_Input data_.

----------

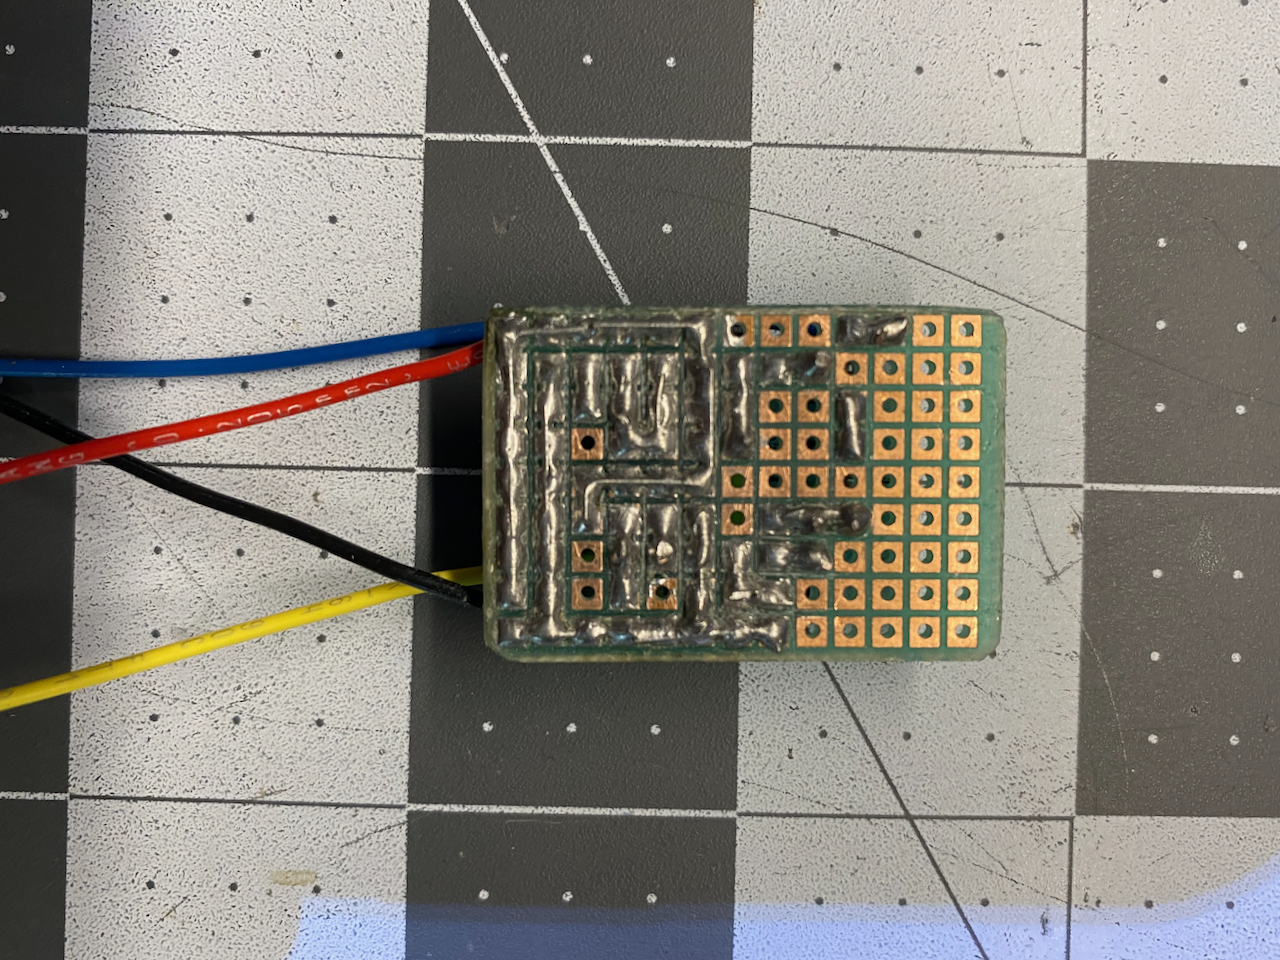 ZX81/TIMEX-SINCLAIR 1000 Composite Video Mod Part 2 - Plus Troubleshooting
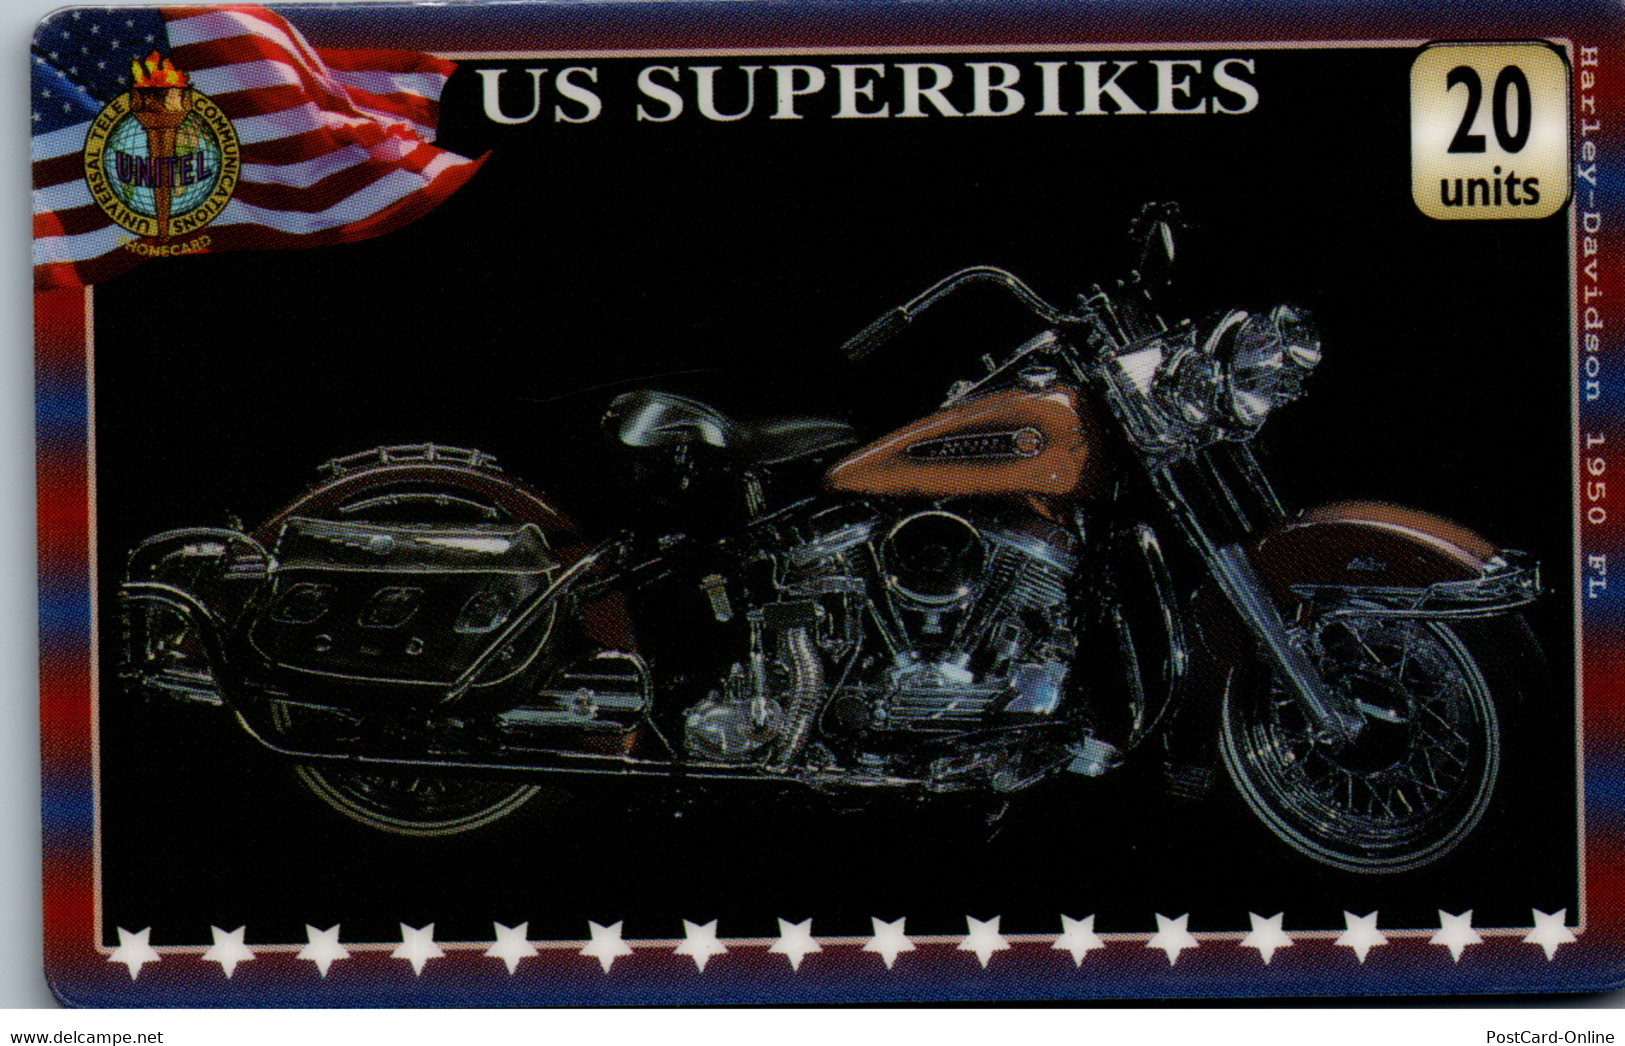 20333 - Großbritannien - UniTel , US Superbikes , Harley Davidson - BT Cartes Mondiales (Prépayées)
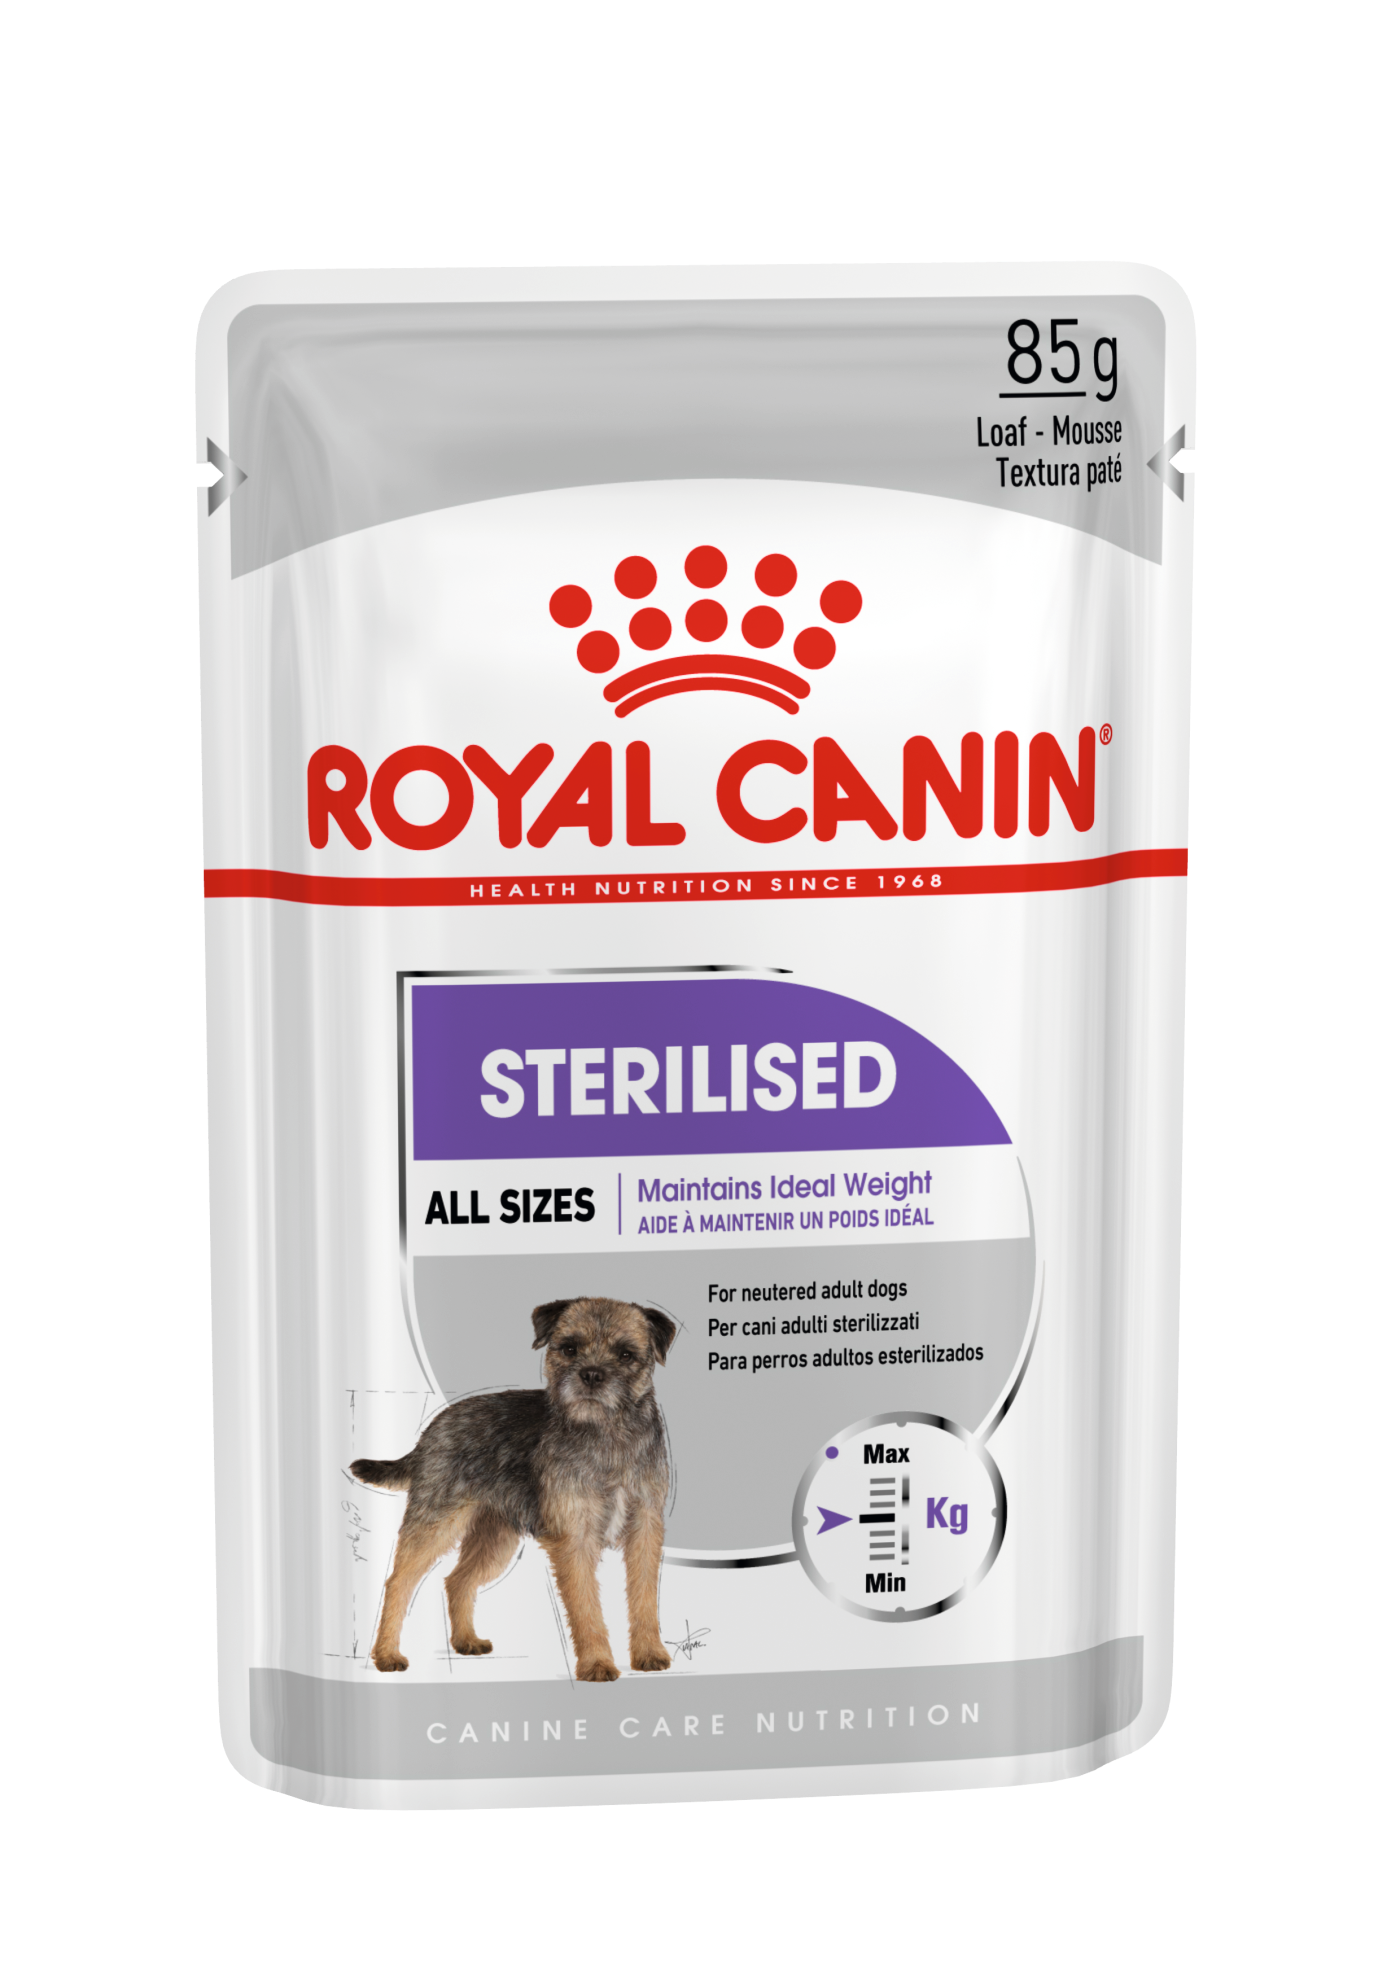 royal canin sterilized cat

----------

_What the task requires_.
The whole listing is to be retyped exactly, with its pictures removed.

_Exercise solution_.
 ZX81/TIMEX-SINCLAIR 1000 Composite Video Mod Part 2 - Plus Troubleshooting
 20333 - Großbritannien - UniTel , US Superbikes , Harley Davidson - BT Cartes Mondiales (Prépayées)
 royal canin sterilized cat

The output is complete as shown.